Extended Data Fig. 2 Ratio, duration, recovery duration of compound heat flash droughts (CHFDs) and non-heat flash droughts (NHFDs) during 1950–2022 period.
The ratio refers to the number of CHFDs divided by total flash droughts (a) and the number of NHFDs divided by total flash droughts (b). c, d, Duration of CHFDs (c) and NHFDs (d). e, f, Recovery duration of CHFDs (e) and NHFDs (f). g, Boxplots of ratio, duration, and recovery duration of CHFDs (n = 6057 from the ERA5-Land and n = 6116 from the ERA5) and NHFDs (n = 5815 from the ERA5-Land and n = 6306 from the ERA5) across CHFD-prone and NHFD-prone regions, respectively. The CHFD-prone (NHFD-prone) regions are defined as the regions where the number of CHFDs (NHFDs) divided by the total flash droughts exceeds 50% (see Methods for detailed definition). The centre line of the box plots (g) indicates median value, and the box bounds (whiskers) indicate 25th/75th percentile (minimum/maximum) values. Outliers are not displayed. Asterisks indicate the ratio, duration and recovery duration of CHFDs are significantly (two-sided t-test, P = 0.05) different from these of NHFDs. The stippling in (c) and (e) denotes regions where the duration and recovery duration of CHFDs is significantly (two-sided t-test, P = 0.05) different from that of NHFDs between 1950 and 2022.

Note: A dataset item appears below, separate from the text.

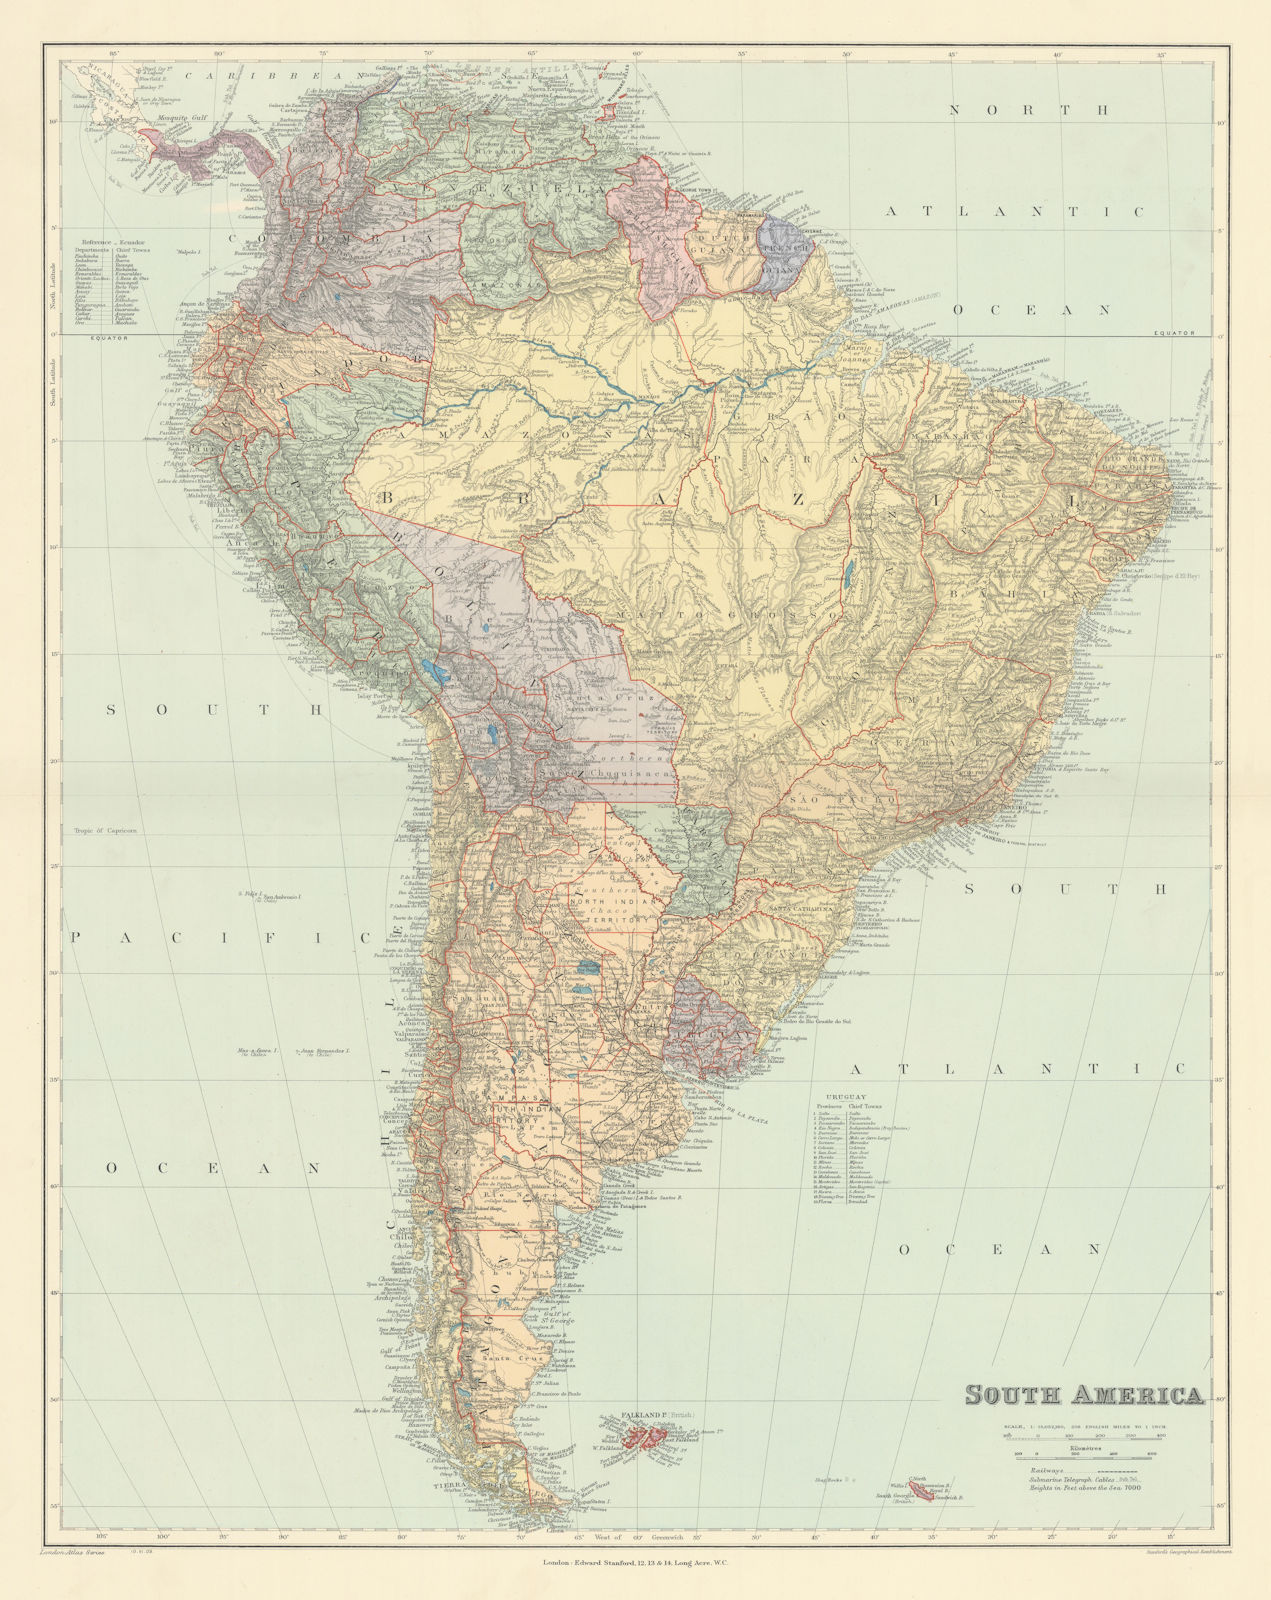 Associate Product South America. Large 64x51cm. STANFORD 1904 old antique vintage map plan chart

Extended Data Fig. 3 The definition of compound heat flash drought-prone (CHFD-prone) and non-heat flash drought-prone (NHFD-prone) regions.
a, The global map of CHFD-prone region (defined as having a ratio of the number of CHFD to total flash droughts higher than 50%, accounting for 6057 grid cells) and NHFD-prone region (defined as have a ratio of the number of NHFD to total flash droughts higher than 50%, accounting for 5815 grid cells) estimated from the ERA5-Land dataset. b, The same as a, but estimated from the ERA5 dataset. The CHFD-prone region accounts for 6116 grid cells and the NHFD-prone region accounts for 6306 grid cells.
Extended Data Fig. 4 The hydrometeorological drivers of compound heat flash droughts (CHFDs) and non-heat flash droughts (NHFDs).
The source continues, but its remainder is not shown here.